Впрочем, это очевидный утопизм. Как я возьму с собой Татьяну Гиоргадзе? А Сергея Курочку? Нужно быть реалистом. Лучше определить для них задачи, которые следовало бы выполнить даже в случае моей смерти. Это самый отрицательный сценарий из всех возможных. Но глупо ведь его игнорировать. В Афганистане люди гибнут, возвращаются покалеченными. Это война, а не симулятор.

Перед самым отъездом мне довелось пообщаться с афганскими ветеранами из комсомольцев. И очень крепко запомнился разговор с одним из них. С абсолютным спокойствием русоволосый парень рассказывал, как их отряд положил караван с моджахедами, расстреляв на подлёте с пулеметов: “Пули одинаково ложили и верблюдóв, и душманов, короче всех загасили. Они пытались наш борт обстрелять с земли…”

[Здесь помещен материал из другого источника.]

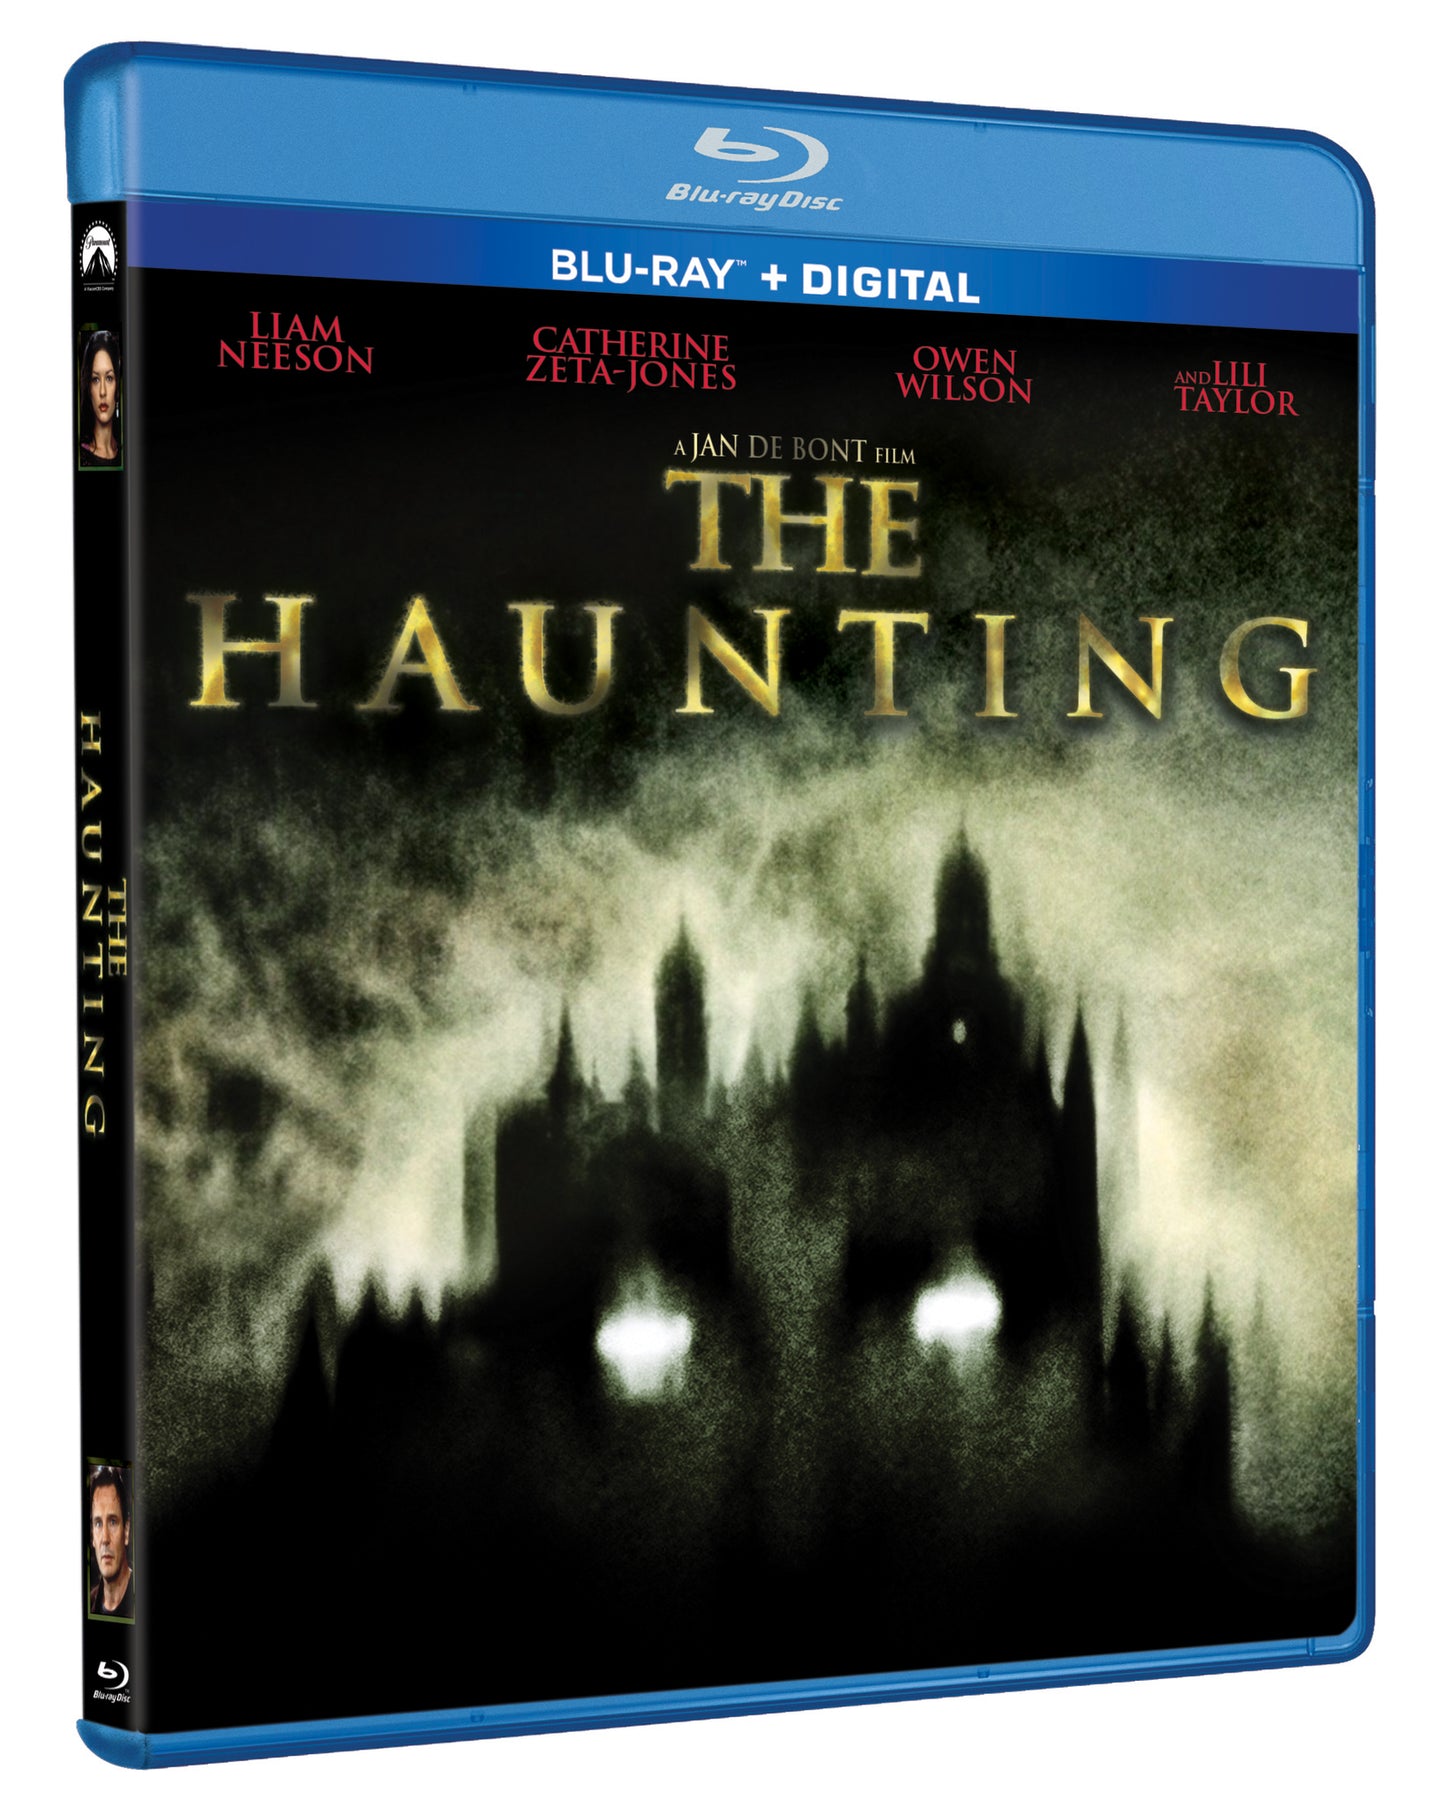 Haunting [Blu-ray] cover art

Совершенно хладнокровно он говорил про тяжелый бой, в котором наглотался песка на всю жизнь вперед, и как в этой грязной мордобойке отряд забыл бойца в точке эвакуации: “Просто не успел добежать! Вот в жизни как бывает…” И тот же самый человек затем с полным чувством воодушевления описывал горы, прекрасные и с белыми шапками, а у их подножья холмы, покрытые тюльпановыми коврами, с запахом чистейшей азиатской весны. И про кошку, что пригрелась у трех желтых тюльпанов, настырно бившую хвостом об землю, этот русоволосый ветеран вспоминал с трепетом, достойным поэтического внимания.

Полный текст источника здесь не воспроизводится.